面对糜竺的震怒,糜芳却梗着脖子,满脸不服气:
“大哥,我晓得自己闯了祸!”
“可那刘备早有正妻在堂,难道真要小妹屈尊去做偏房?”
糜竺气得牙根发痒,手指直戳弟弟脑门:
“他虽有妻,可眼下困在下邳,生死未卜——小妹若嫁过去,名分自然就是主母!”
“我才不管这些!”
糜芳一扭脸,袖子狠狠一甩:
“反正不能让小妹受半点委屈!”
糜竺望着这个倔驴似的弟弟,额角青筋直跳。
父亲早逝,长兄如父,两个弟妹全是自己一手带大。
三兄妹自小同榻而眠、共食而饮,情分比寻常人家更厚三分。说实话,把糜贞当筹码送出去联姻,他心里也跟刀割似的疼。
可这世道,没根基的豪族,就像没根的浮萍,风一吹就散!
这傻弟弟怎么就不开窍呢?
他揉着太阳穴,声音都哑了:
“行了行了,嫁不嫁,容后再议。”
“眼下不在朐县老家,小妹孤身在外,处处是险——你把她藏哪儿了?快叫她回府!”
一听大哥松了口,糜芳顿时眉开眼笑。
可转眼又挠挠头,讪讪一笑:
“大哥,今儿事出突然,我就让她溜出去躲躲风头……真没留意她往哪边去了。”
“什么?!”
糜竺浑身一僵,猛地拍案而起,嗓音劈了叉:
“还不快去找人!!”
就在糜家上下翻箱倒柜寻人时,被满城搜寻的糜贞,已被云凡牵进了厨房。
她才十五岁,正是初懂人事的年纪。前几日听糜芳说要将她许给刘备,心里便像塞了团乱麻,又闷又堵。
今日天刚蒙蒙亮,便借着哥哥掩护,偷溜出了府门。
走得急,只顺手抓了件粗布奴仆衣裳套上,胡乱裹了裹头发,就一头扎进街巷。
为防家人认出,出门前还专往脸上抹了灰泥炭屑,活脱脱一个脏兮兮的小叫花子。
谁知刚踏出里坊,就被这乱世的惨相撞了个满怀。
海西城里,到处是拖家带口从下邳、彭城逃来的难民。
有的蜷在墙根打盹,有的横卧在青石板上,连片瓦遮身都没有。
人人面皮蜡黄、眼窝深陷,枯瘦的手腕细得仿佛一折就断。
糜贞这副模样混在其中,反倒没人多看一眼——可一天下来,她跑遍大小街巷,竟没一处肯收留她这个“小乞丐”。
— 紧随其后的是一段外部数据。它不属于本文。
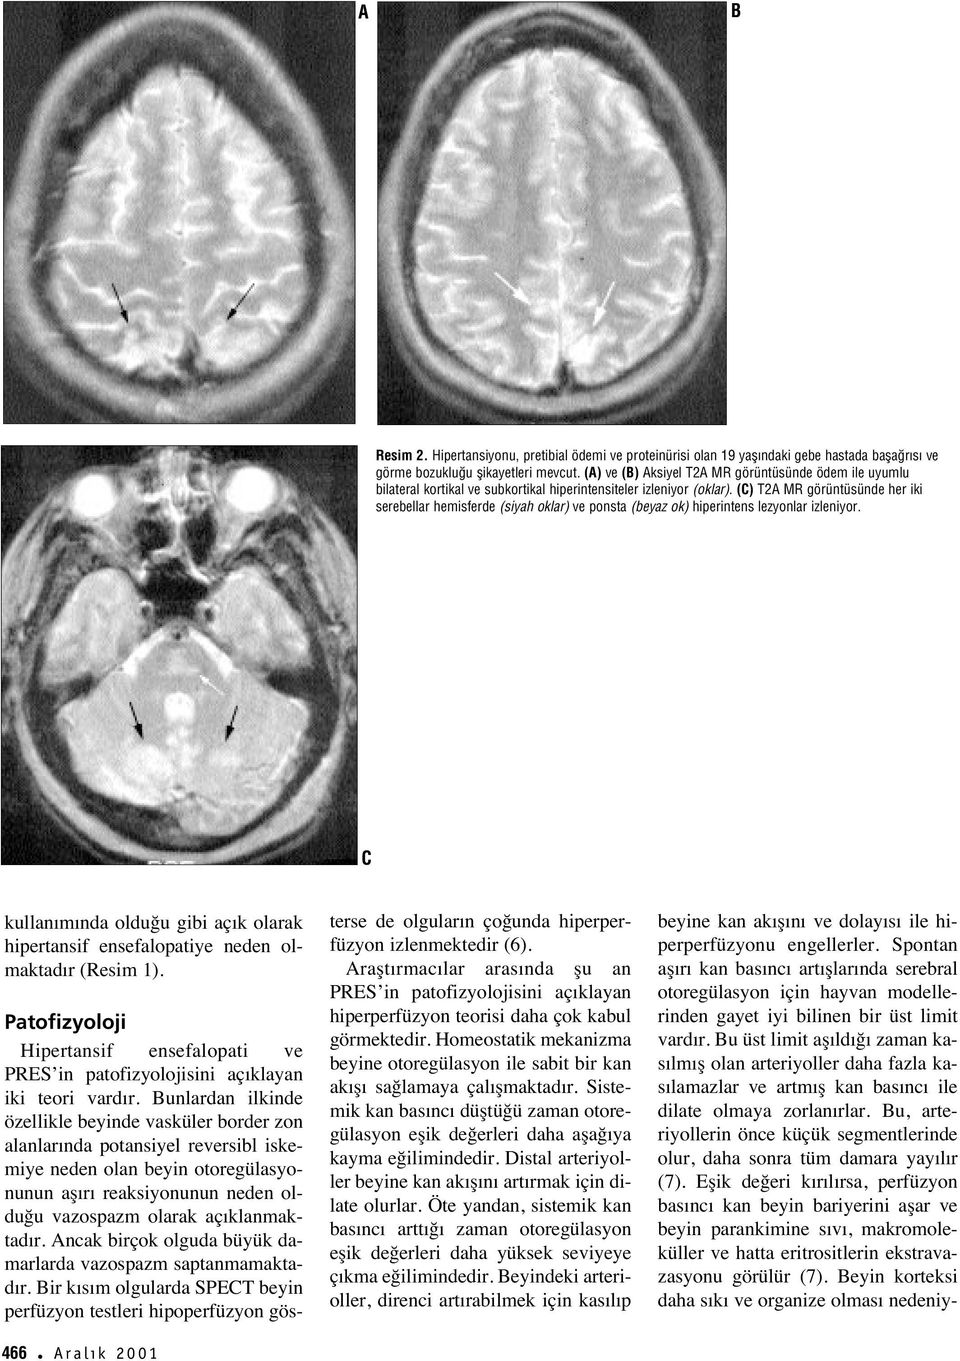 () T2A MR görüntüsünde her iki serebellar hemisferde (siyah oklar) ve ponsta (beyaz ok) hiperintens lezyonlar izleniyor.
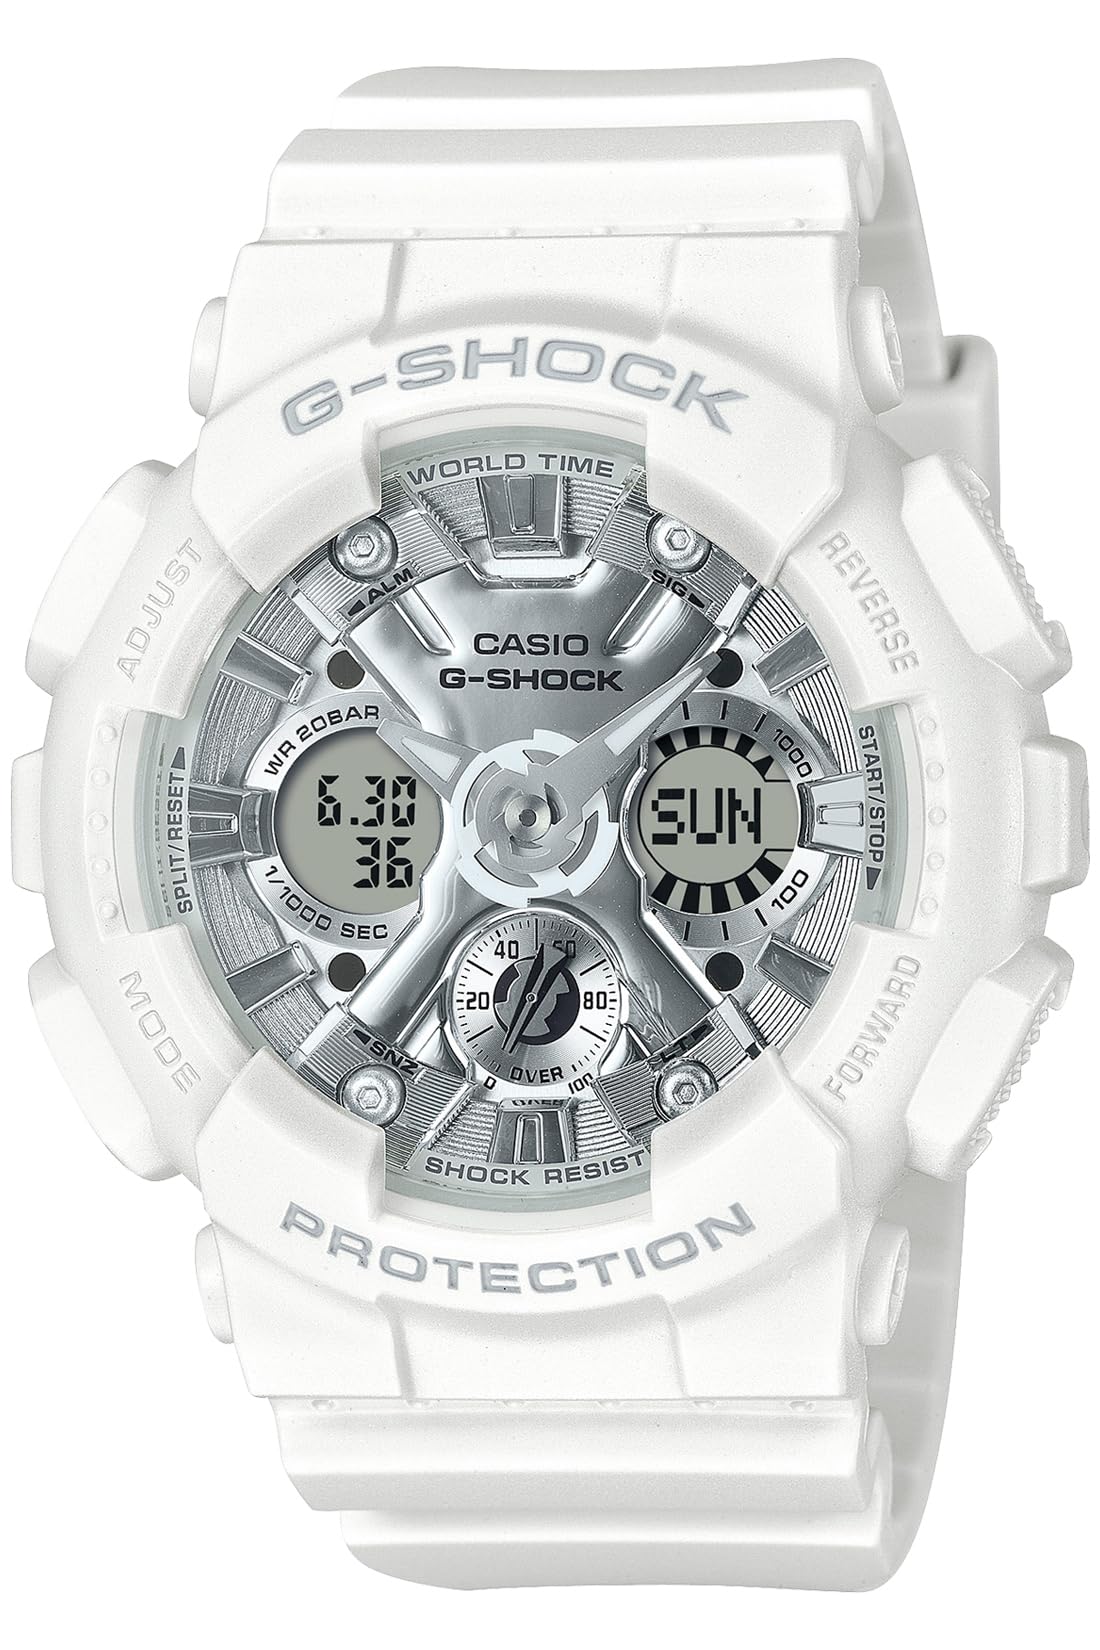 ジーショック [カシオ] 腕時計 【国内正規品】バイオマスプラスチック採用 GMA-S120VA-7AJF レディース ホワイト - BanzaiHobby

挨到夜色四合,肚子饿得咕咕直叫,她见云凡宅院静悄悄的,以为空无一人,便踮脚踩着砖垛翻进了后院。
哪料刚落地,就被巡夜的兵卒当场按住,这才有了先前那一场闹剧。
短短一日,她见识了流民的麻木、守军的粗暴、市井的冷漠……
冷不丁遇上云凡这般温言细语、不嫌她脏臭的人,心口那层硬壳,不知不觉就裂开了缝。
她乖乖跟着他,一步不落地进了厨房。
云凡拉着她刚跨过门槛,眼睛就亮了。
梁上悬着几块腊得油亮的五花肉,灶台边铁锅、铁铲、陶罐、竹勺样样齐全。
东汉已有铁制炊具,虽宴席仍用铜鼎盛食,但军中与大户人家早用上了铁锅——只是多用来熬粥煮饭,极少另作他用。
云凡卷起袖口,径直架柴生火,拎锅烧水。
糜贞站在他身后,一双眼睛滴溜乱转,忽盯着他光洁的额头和下巴,忍不住问:
“先生,您怎的不留发?也不蓄须?”
云凡闻言,笑着摇头。
哪是没头发,不过是剪得短罢了。
穿来这年头最头疼两件事:一是头发越长越碍事,二是胡须三天不刮就扎手。
古人讲究“身体发肤,受之父母”,男子蓄发留须是本分,长须更是体面象征。
像刘备那样“有髯无须”,当年还被乡里笑话成“缺须少德”。
他暗忖:明日一早就得备顶深檐帽,再这么露着脑袋晃,怕是要被人当成逃役的囚徒。
此刻听这小丫头发问,他略一思忖,便随口编道:
“早年拜过一位师父,病故时正值战乱,我来不及奔丧,只好割下一缕青丝,供在灵前代首尽孝。”
“啊!”
糜贞怔住,眼眶微微发热,声音软了下来:
“先生真是至孝之人……您师父在天有灵,定会含笑九泉的。”
“你这小叫花,嘴倒甜!”
云凡朗声一笑,锅里水已滚沸,他捞起一块肥肉贴着锅底来回滑动——滋啦一声,白油渐渐渗出,香气悄然漫开。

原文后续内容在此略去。